The Outpost (2020)

by - July 3rd, 2020 - Movie Reviews


Lurie’s The Outpost a Riveting Tale of Heroism and Tragedy

In October of 2009, roughly 400 Taliban fighters launched an attack on U.S. Combat Outpost Keating. Inexplicably located at the base of the Hindu Kush Mountains just 14 miles from the Pakistani border, 53 soldiers were forced to defend themselves in what would prove to be one of the bloodiest battles (so far) of the Afghan War. It never should have happened.

The Outpost (2020) | PHOTO: Screen Media Films

Based on the best-selling book by journalist Jake Tapper, director Rod Lurie’s (The Contender, Nothing But the Truth) forcefully gut-wrenching The Outpost chronicles the events that led up to this attack before exploding into a nearly hour-long depiction of the battle itself. The film takes its time to get to know a number of the soldiers (some of whom dub Keating “Camp Custer” upon their arrival) while also attempting to clarify the complex political situation these men find themselves inexplicably a part of.

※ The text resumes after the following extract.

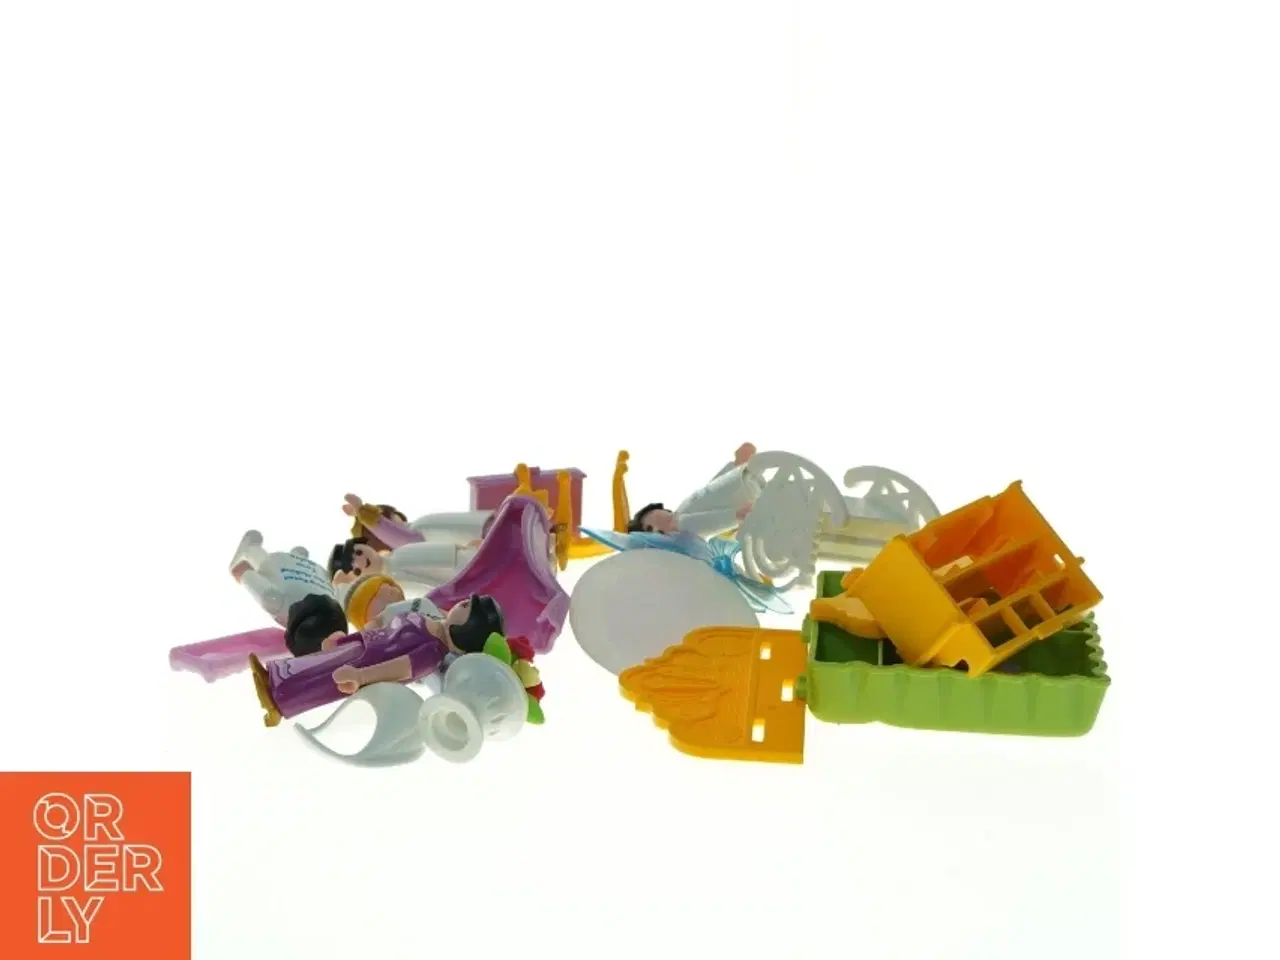 Billede 2 - Playmobil figur og tilbehør fra Playmobil (str. 7 x 3,5 cm til 9 x 8 cm)

Not going to lie. For the first hour I was uncertain if I was well enough acquainted with this small group of men or familiar enough with the layout of Keating for the eventual battle that I knew was coming to resonate emotionally. Commanders of the outpost come and go, their interactions with local Afghans frustratingly contradictory. As to the men who will live, die and fight during the assault, there are understandably a lot of faces to keep track of, remembering who is who not always easy.

But Lurie is a shrewd cinematic tactician. Almost without my even realizing it, I was learning Keating’s geography as well as that of the mountain range ominously looking down upon the compound. I ended up with a fairly decent idea of who all of these men were, so by the time the chaos started the faces of soldiers like Staff Sgt. Ty Carter (Caleb Landry Jones), Staff Sgt. Clint Romesha (Scott Eastwood), Staff Sgt. Justin T. Gallegos (Jacob Scipio) and Stephan L. Mace (Chris Born) stood out rather dynamically.

The director had done a stupendous job of ensuring I was never lost or confused. This made the final hour a visceral powder keg of emotional tumult that thrust me forward right to edge of my seat and firmly kept me there. Each death mattered. Each sacrifice resonated. Each act of heroism in the face of overwhelmingly lethal odds stopped my heart and forced me to pay rapt attention. This battle wrecked me, and when it was over I was so exhausted and had gone through so many tissues I needed to slap a little water in my face to regain my composure.

Jones, as underrated a young actor as there is working today (just watch his turns in films as diverse as Get Out, The Florida Project and Three Billboards Outside Ebbing, Missouri), delivers what might just be the best performance of his career as Carter. Without wanting to say too much, this former Marine now Army Staff Sgt. goes through a stunning transformation. Jones burrows in. Every movement, the ways in which he comports himself, how he allows certain syllables to just linger in the air as if they were a half-completed thought ready to move on to a different subject entirely, it’s all just staggering.

The Outpost (2020) | PHOTO: Screen Media Films

From a technical perspective this film is as precise and as painstakingly composed as anything Lurie has made. Editor Michael J. Duthie (London Has Fallen) cuts things in a way that allows the events of the battle to hit home like a titanic thunderbolt, yet he also always makes sure to emphasize character and story over outright spectacle. Lorenzo Senatore’s (Hellboy) cinematography is equally impressive, the streamlined verisimilitude of his images creating a documentary-like atmosphere that’s distinctly immersive. Best of all is the picture’s stunning sound design, and even while watching at home the way I felt enveloped by all that was happening sent continuous chills racing up and down my spine.

For me, what ends up making The Outpost essential is one of its quieter moments. Not too long before the assault on Keating begins, but still far enough away that the illusion that the men stationed there might get out before things go horrifically wrong, there is a montage of a handful of these soldiers calling home to speak with their loved ones. Each call is different, and they all feel entirely natural and inherently genuine. It is the calm before a devastatingly tragic storm, and it is in this moment the true origins of unfathomable courage are subtly forged.